▸ **AVAILABLE DATA**
= = =

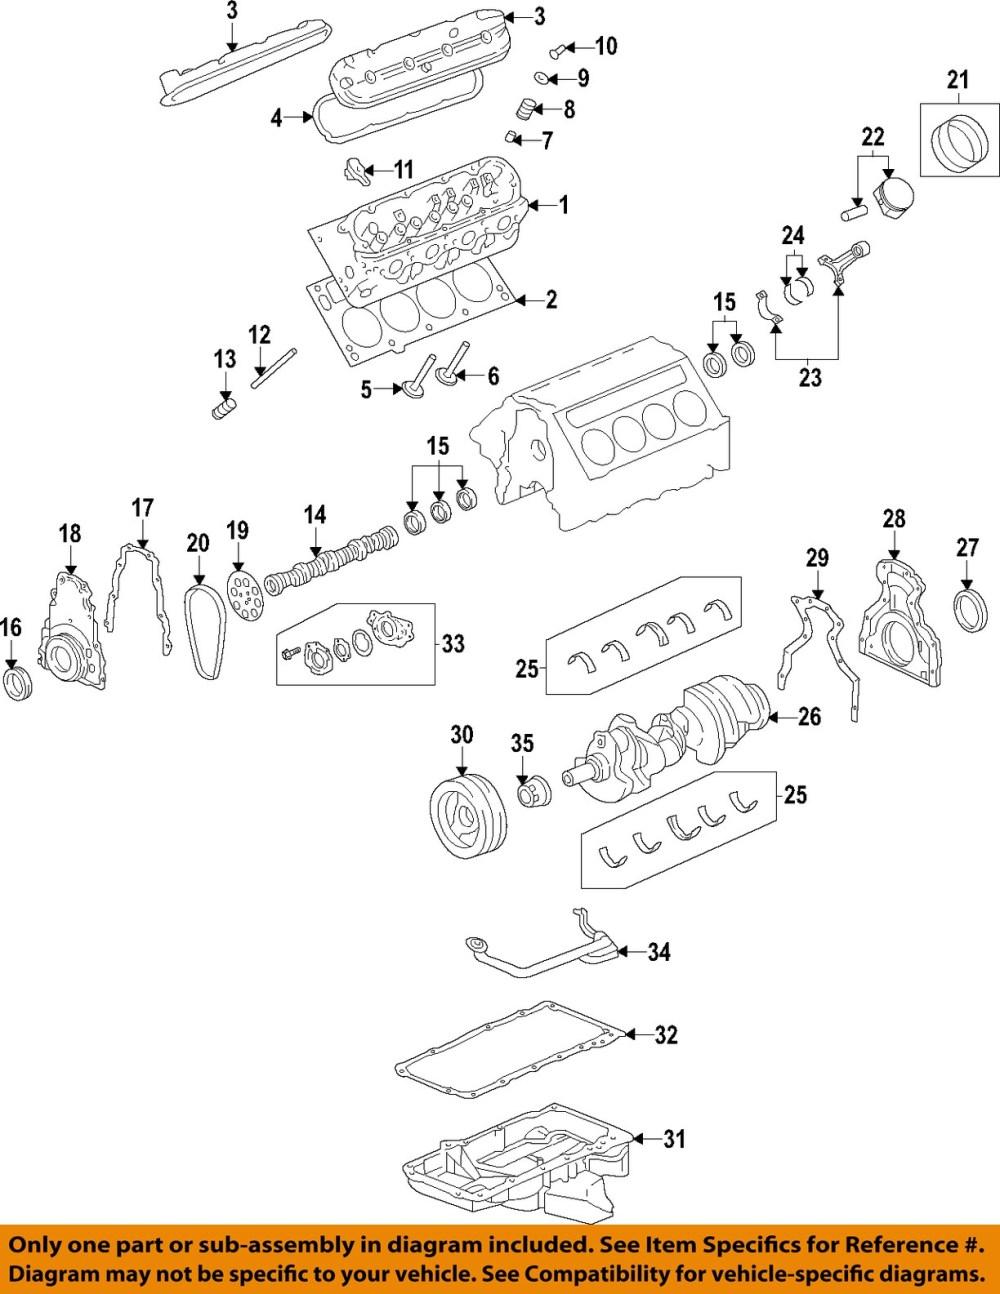 medium resolution of gm oem engine intake valve 12563063 ebay gm power steering diagram 5 on diagram only genuine
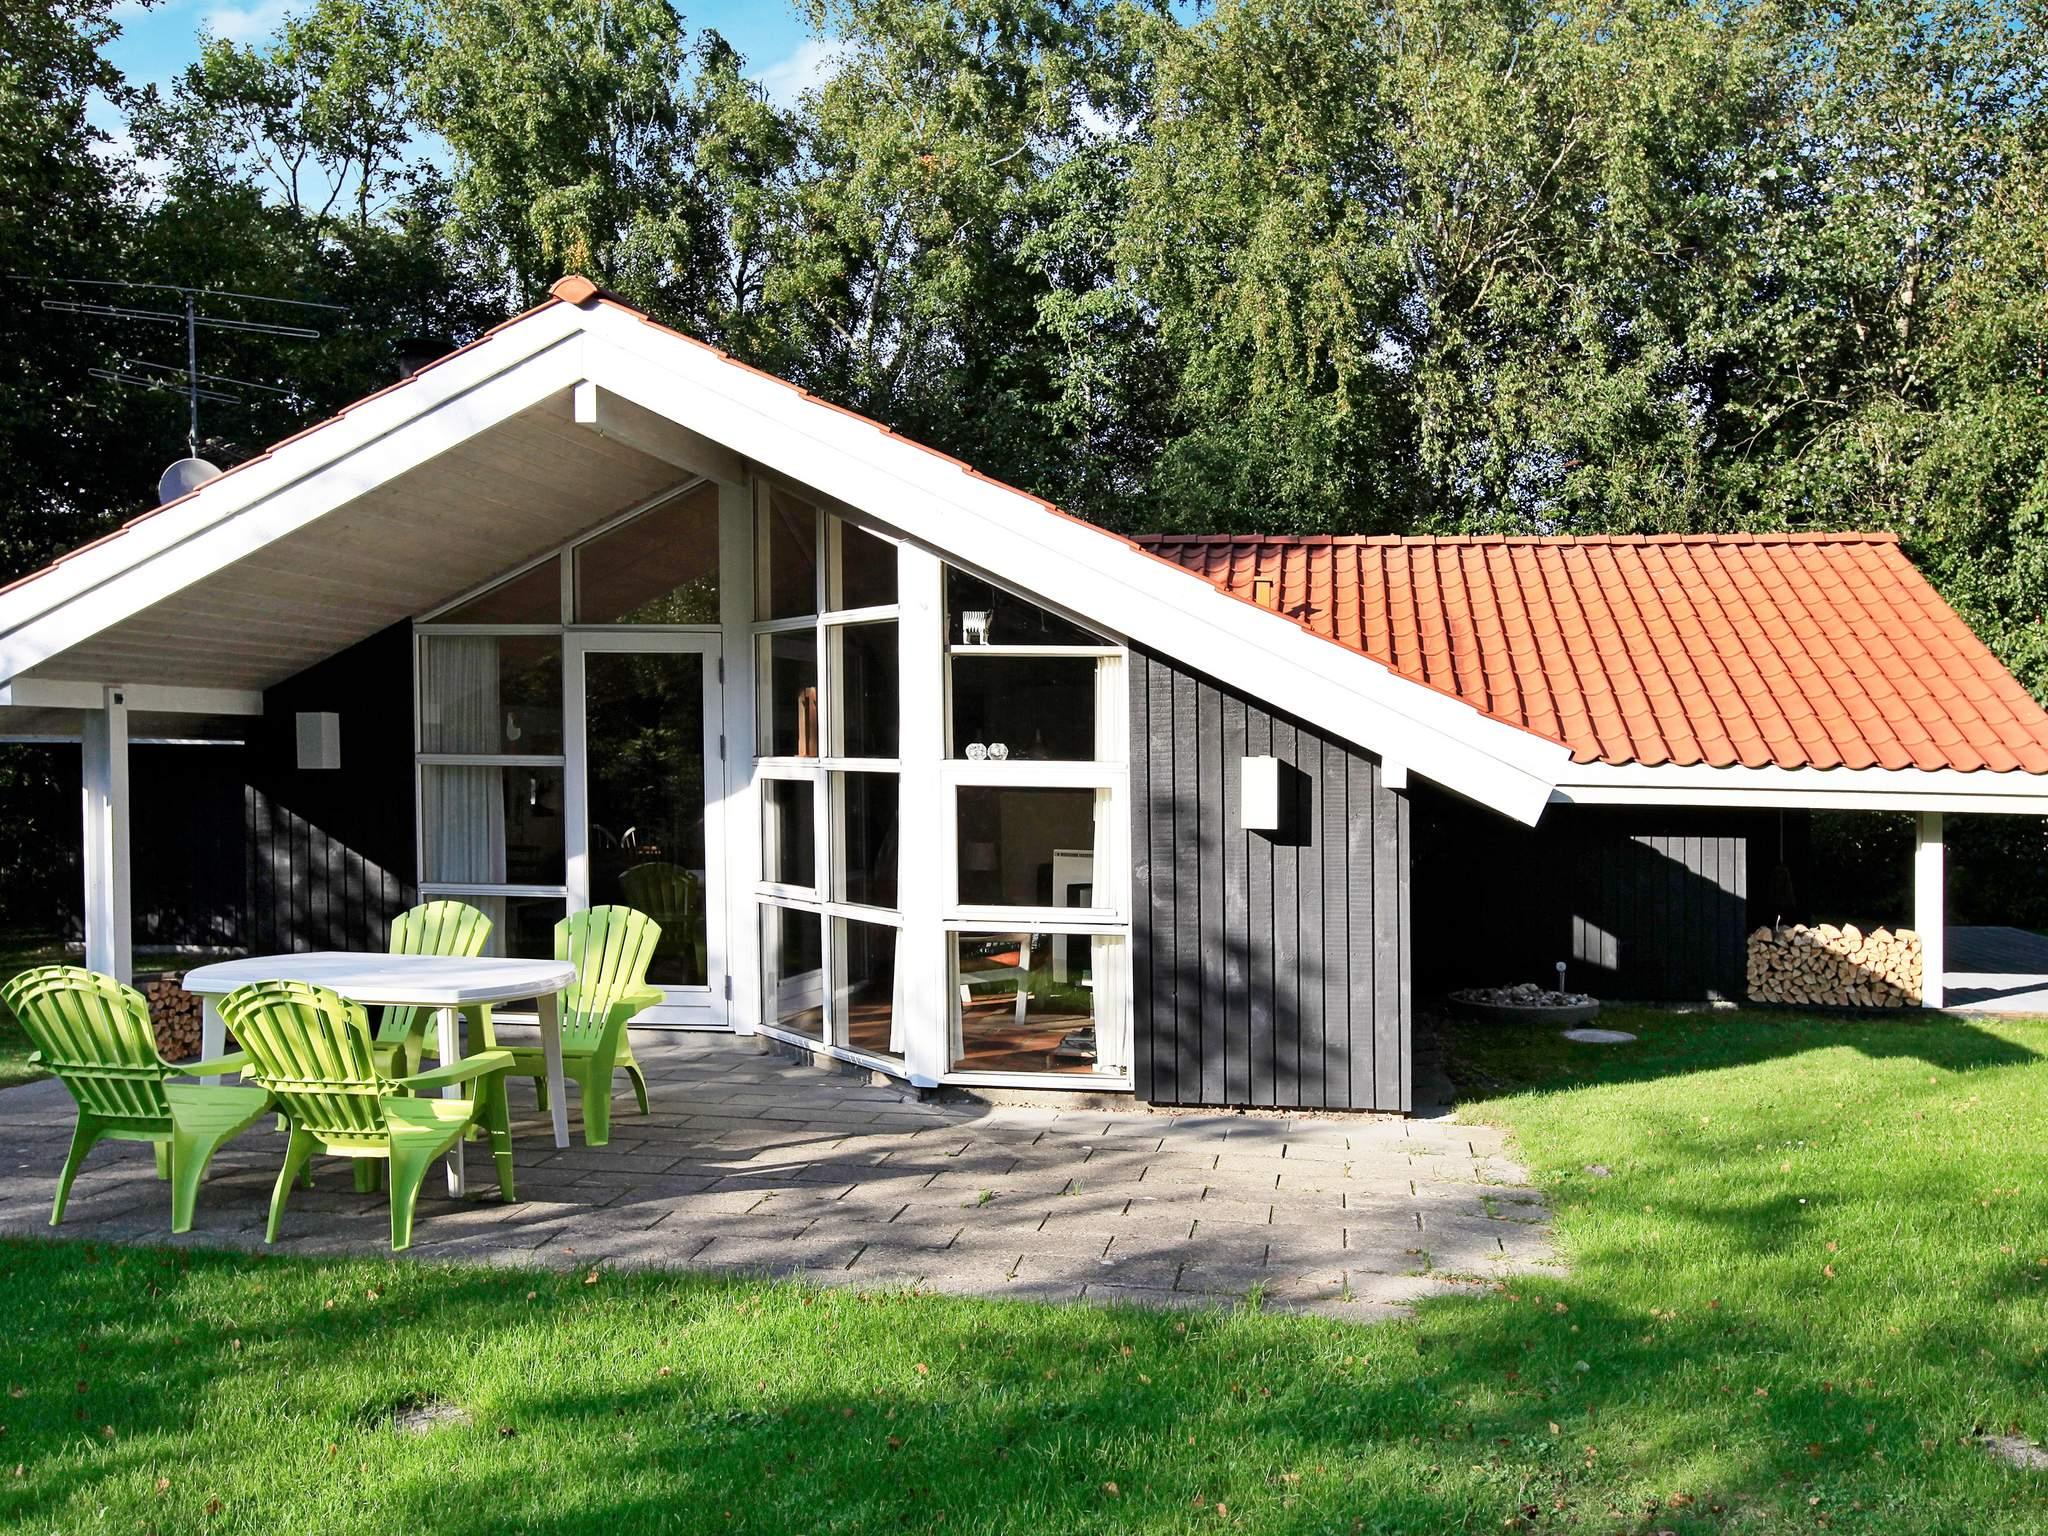 Ferienhaus Ristinge (160040), Ristinge, , Langeland, Dänemark, Bild 18
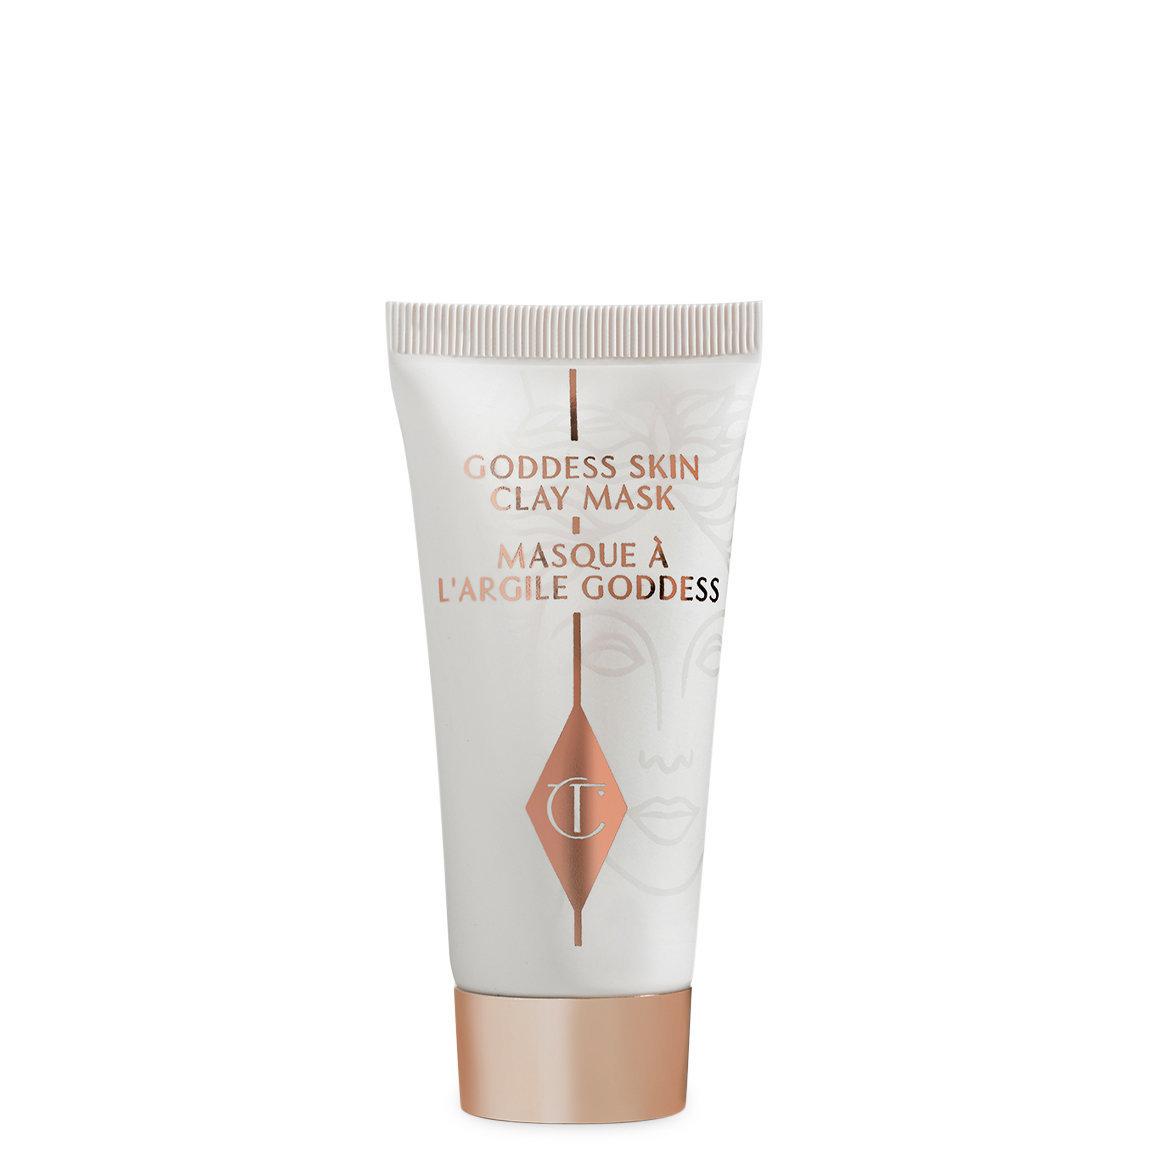 Charlotte Tilbury Goddess Skin Clay Mask Travel Size alternative view 1 - product swatch.

= = =

▸ **YOUR OBJECTIVE**
Reproduce all of the data exactly, omitting each picture it holds.

▸ **ANSWER SPACE**
 medium resolution of gm oem engine intake valve 12563063 ebay gm power steering diagram 5 on diagram only genuine
 Ferienhaus Ristinge (160040), Ristinge, , Langeland, Dänemark, Bild 18
 Charlotte Tilbury Goddess Skin Clay Mask Travel Size alternative view 1 - product swatch.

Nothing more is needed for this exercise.